#### PROMPT:
The lines below, all of them, should be returned exactly as they appear.

#### PROVIDED MATERIAL:
= Beginning of Section =

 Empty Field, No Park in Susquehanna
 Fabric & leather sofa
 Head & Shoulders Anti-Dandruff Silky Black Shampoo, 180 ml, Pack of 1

= End of Section =

#### RESULT FOR THIS EXERCISE:
 Empty Field, No Park in Susquehanna
 Fabric & leather sofa
 Head & Shoulders Anti-Dandruff Silky Black Shampoo, 180 ml, Pack of 1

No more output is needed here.